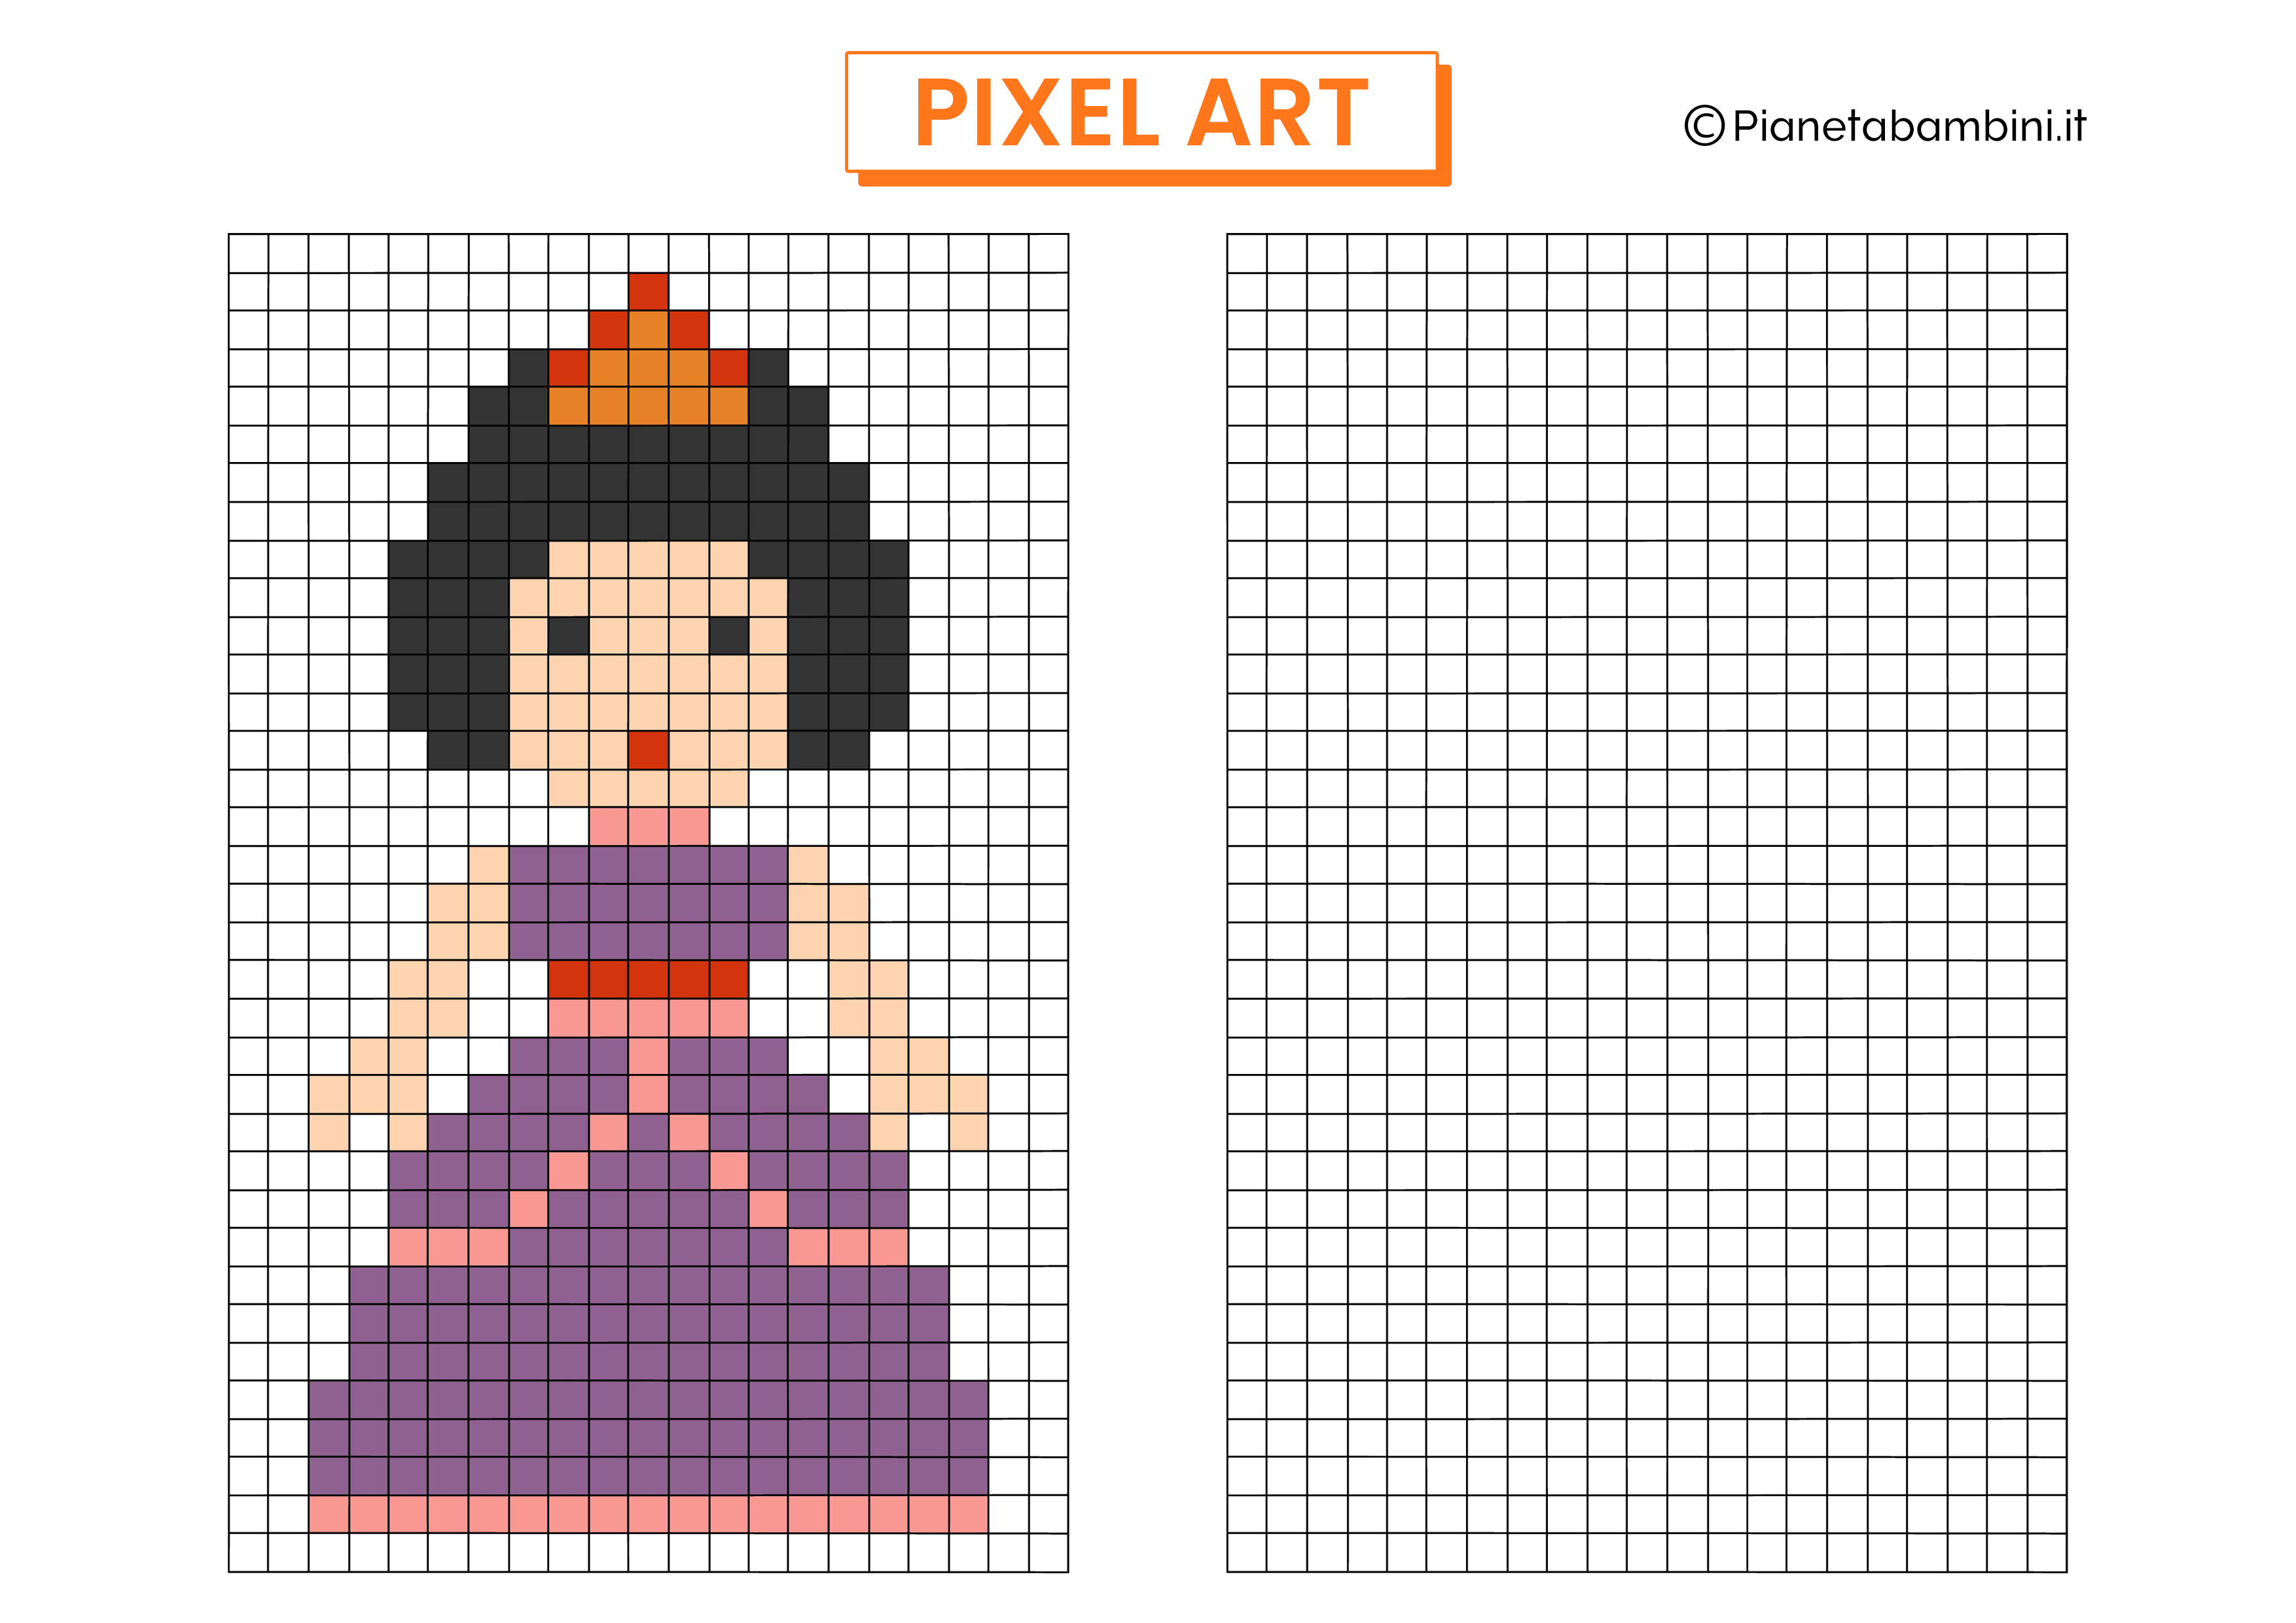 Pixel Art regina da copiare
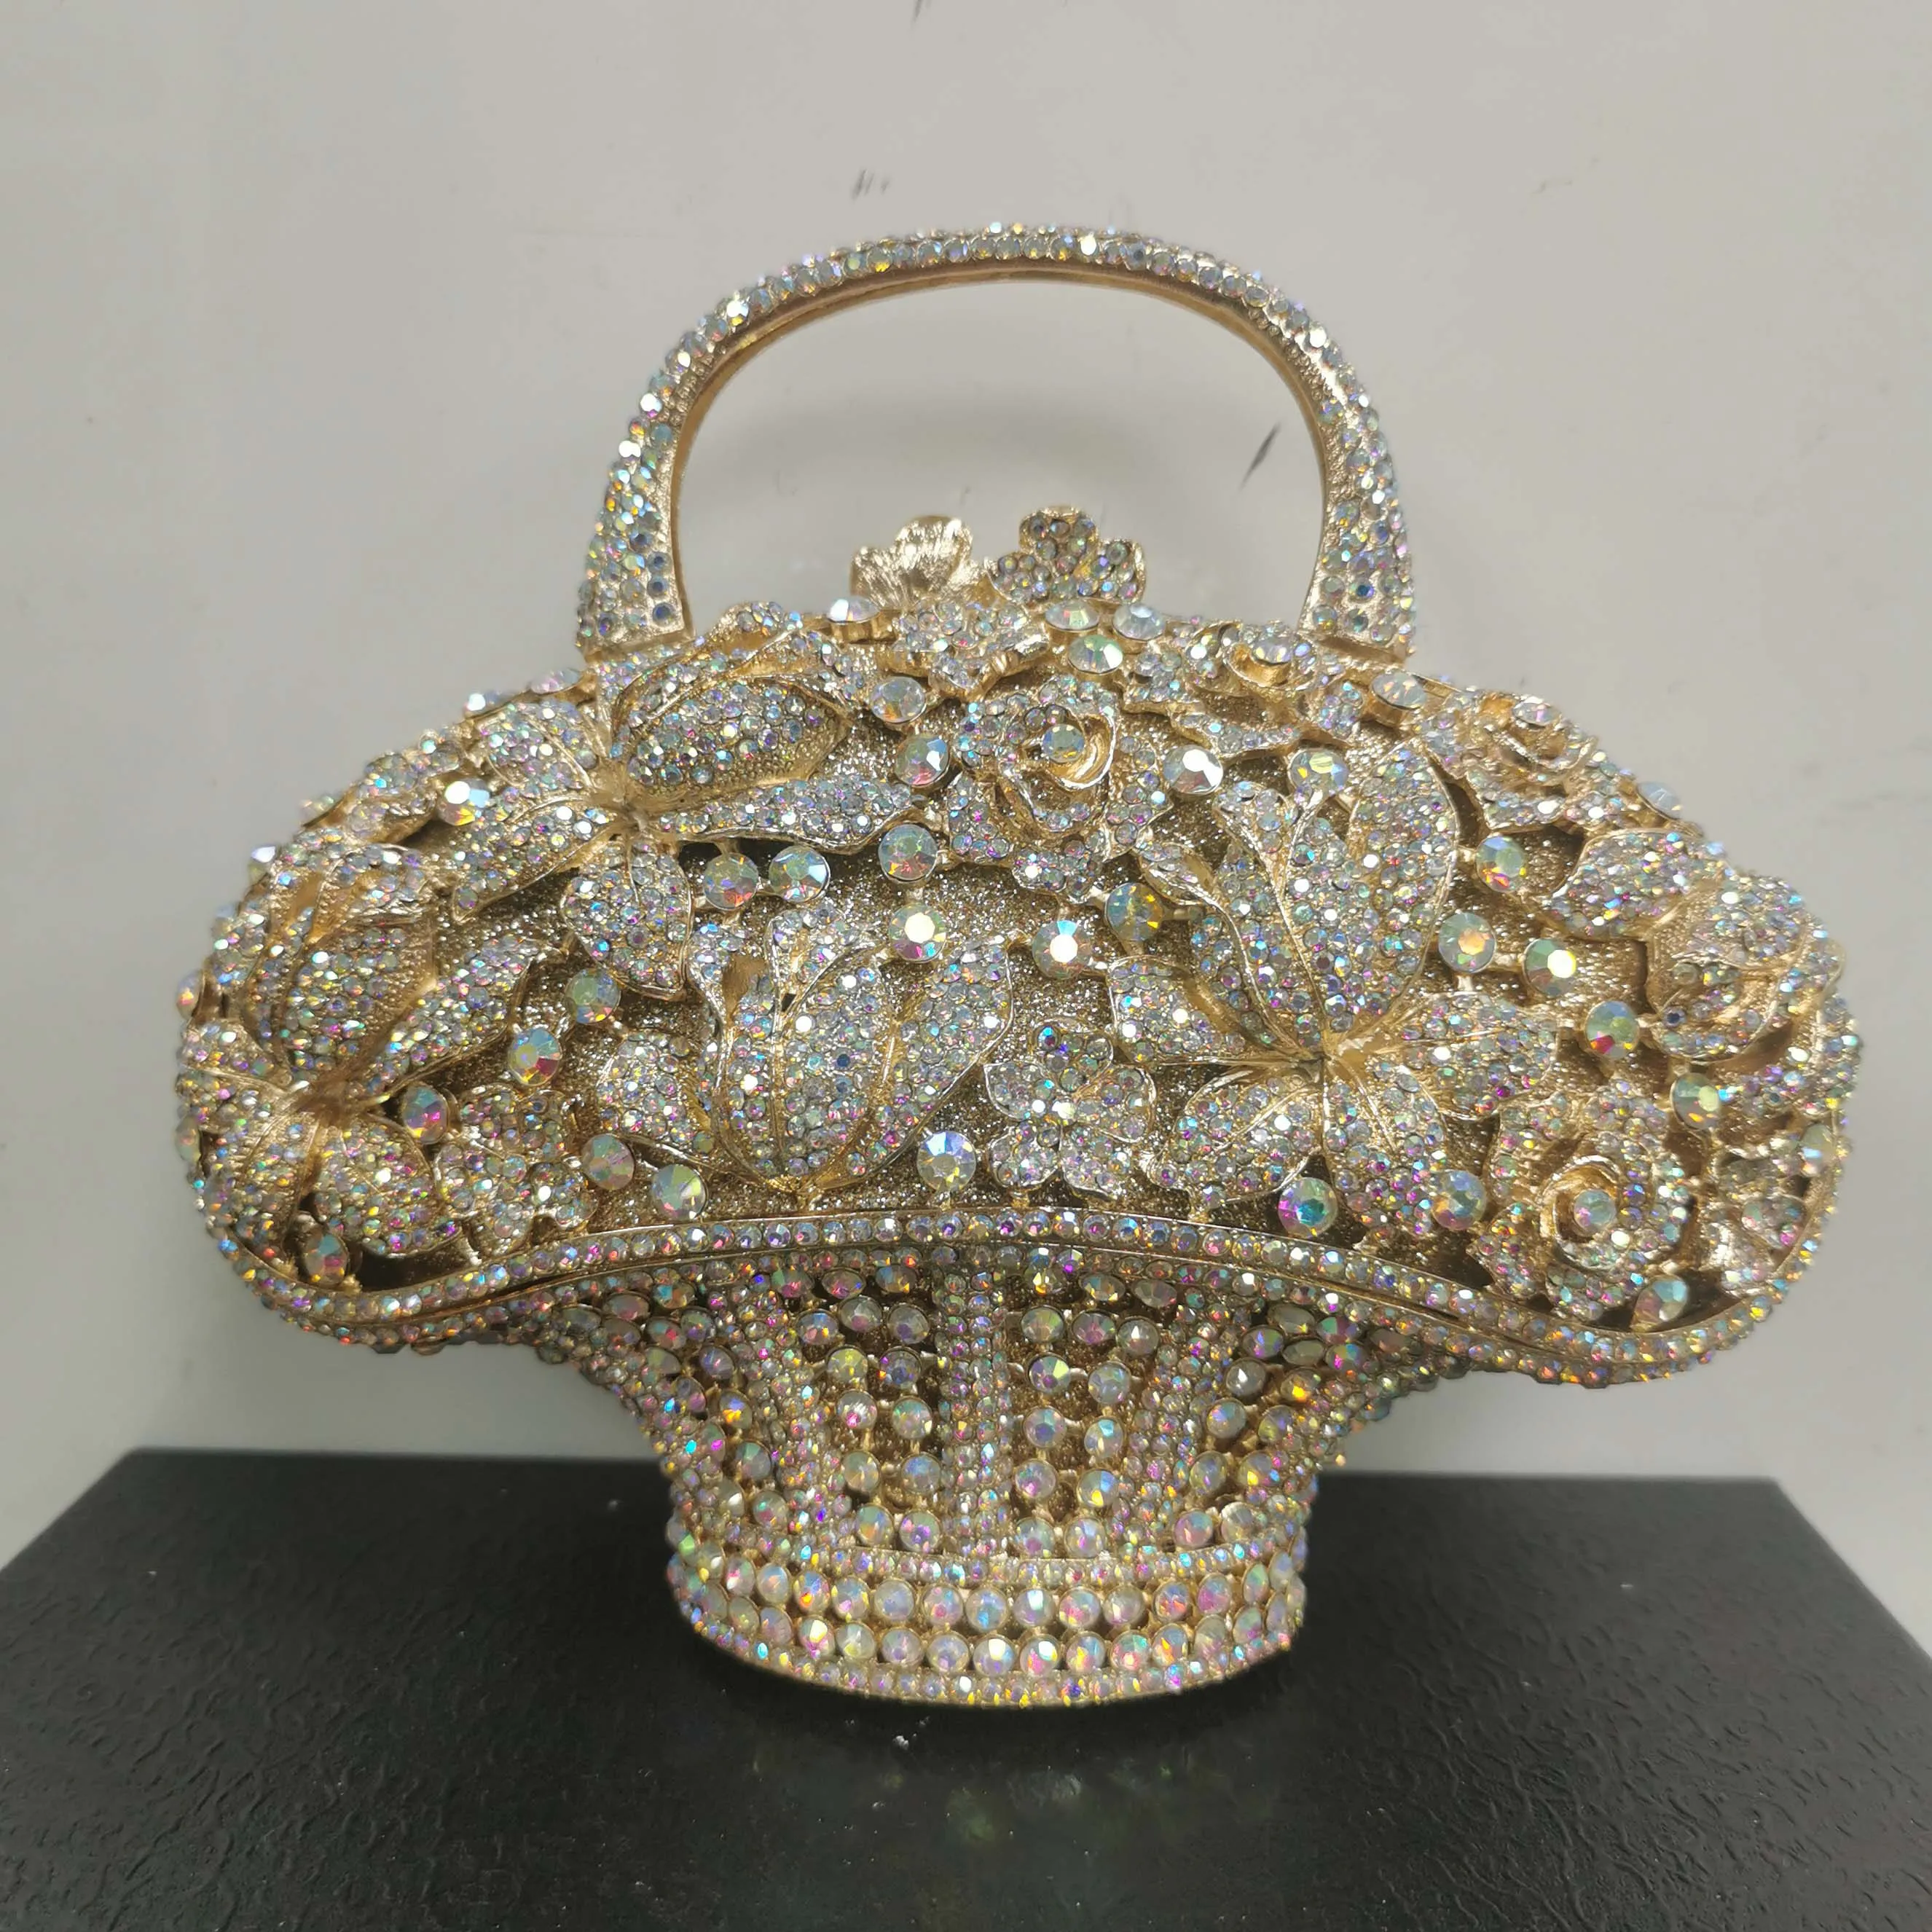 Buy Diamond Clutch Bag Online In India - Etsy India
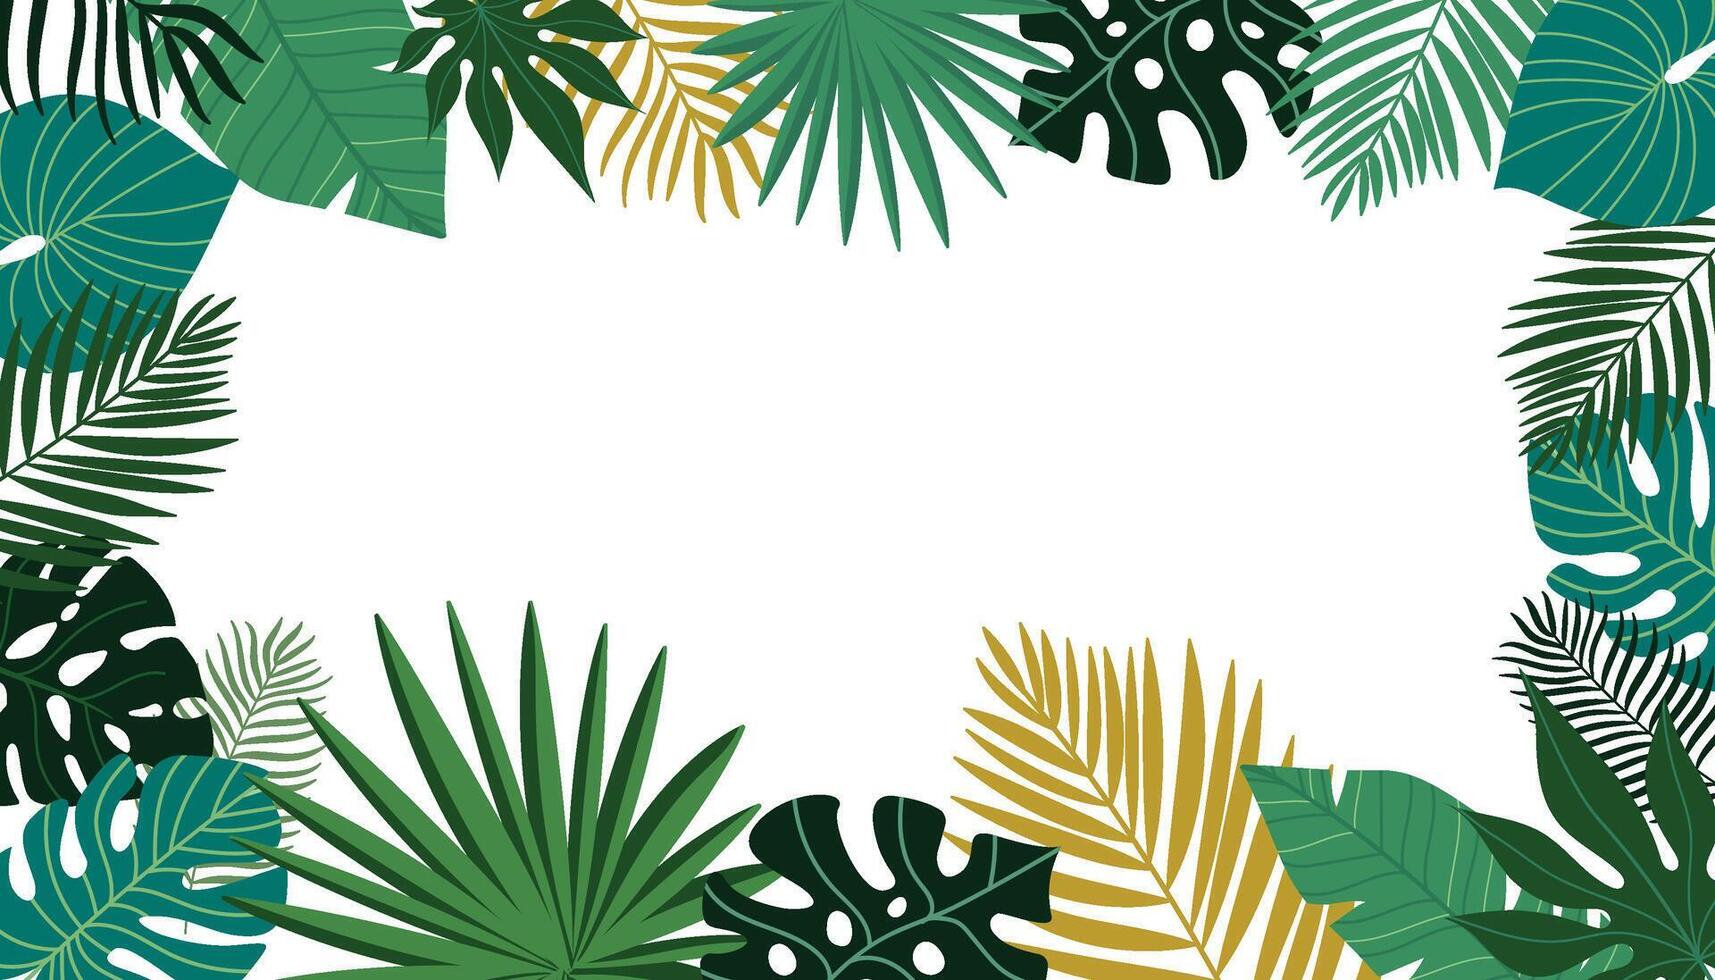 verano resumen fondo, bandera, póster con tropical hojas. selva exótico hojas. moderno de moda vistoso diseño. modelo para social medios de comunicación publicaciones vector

○ ○ ○ ○

Repeat the data above in full and exactly. Omit every image.

 Pixel Art regina da copiare
 Buy Diamond Clutch Bag Online In India - Etsy India
 verano resumen fondo, bandera, póster con tropical hojas. selva exótico hojas. moderno de moda vistoso diseño. modelo para social medios de comunicación publicaciones vector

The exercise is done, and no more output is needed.